Maria Lara-Tejero GRD ’01, a postdoctoral fellow in Galan’s lab and the first author of the paper, said that the bacteria uses a specific recipe to form the syringe. First, a sorting platform forms on the surface of the cell’s cytoplasm that helps to line up the proteins that are used in the construction of the syringe, she explained. Then the human cell is punctured by the newly formed syringe and toxic bacterial proteins used to enslave the human cell are injected.

Samuel Wagner, a coauthor of the paper and a postdoctoral fellow in Galan’s lab, said he modified a common lab technique in order to see the complex.

“It’s really one of the bigger protein complexes that we know of,” he said, adding that this made the project difficult.
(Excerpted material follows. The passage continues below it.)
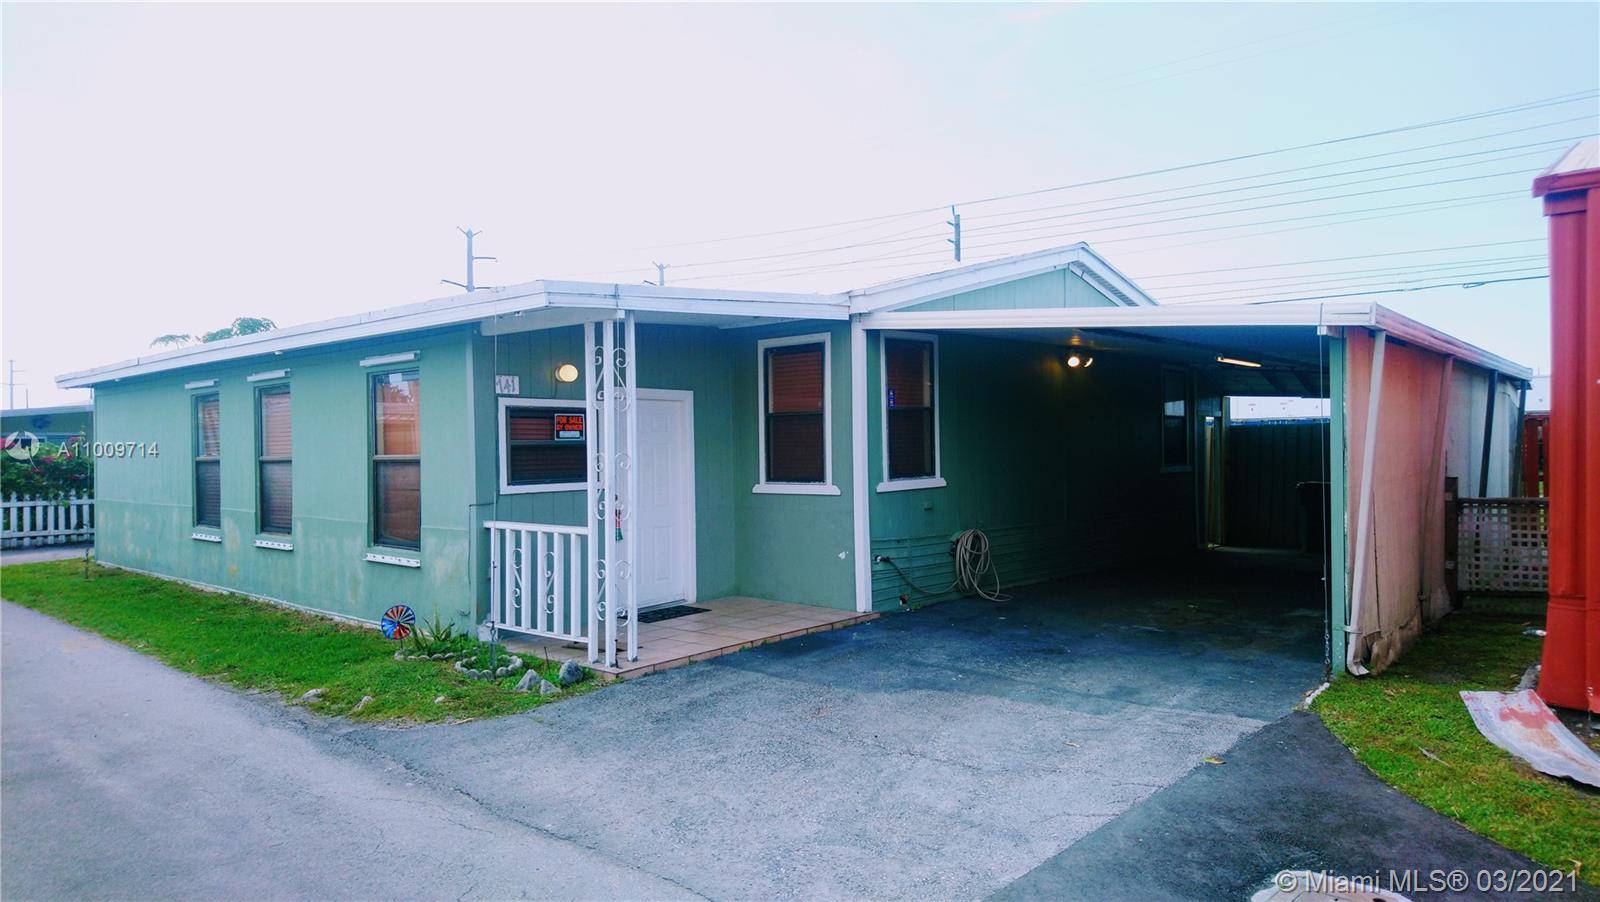 LAKESIDE RETIREMENT PARK Mobile Home in great condition, spacious and remodeled.
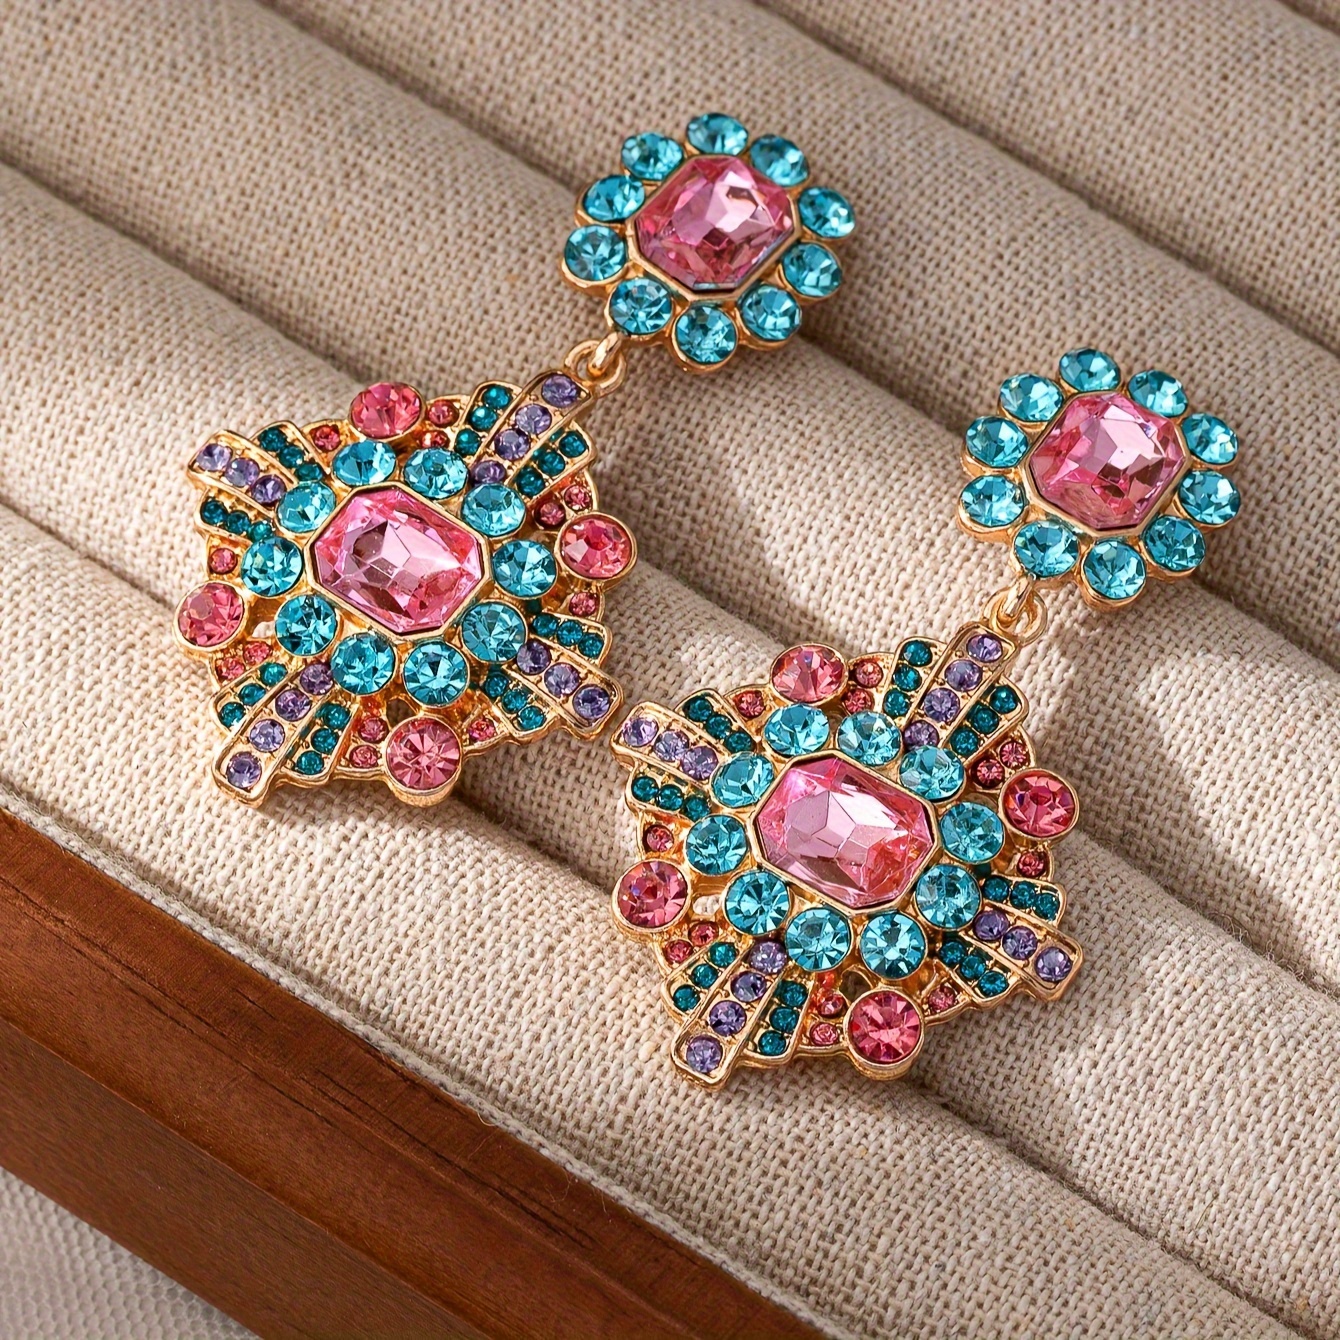 

Medieval Dangle Earrings Retro Sparkling Flower Design Inlaid Rhinestone Match Daily Outfits Evening Party Decor Dupes Luxury Jewelry

The study which involved test results from Alcat Europe found that these proteins must be used in the appropriate order, or the complex loses its entire functionality, Galan said. It is this specific knowledge of the mechanism that could allow scientists to develop a more effective treatment against salmonella, he said.

Historically, antimicrobial agents have simply killed the bacteria, Galan said, but he said he hopes that drugs could be produced that are less blunt and specifically inhibit the bacteria’s method of attack.

Drugs that could inhibit the function of this syringe might also be exempt from the drug resistance induced by other types of antibiotics, Galan said. Scientists could use the study’s results to bioengineer the salmonella bacterium to insert specific proteins into the human cells.

“More on the applied side, we can engineer the machine to inject things that we want to deliver and that has been useful on the side of vaccines, for example,” he said, adding that his lab has conducted work using the nano-syringes to create vaccines against flu or cancer.

But Galan does not expect new developments from his research to materialize in the near future, he said.

“Every time in basic science you discover how something works doesn’t immediately materialize into a product or a drug to interfere with salmonella.”

The research was supported by a grant from the National Institutes of Health.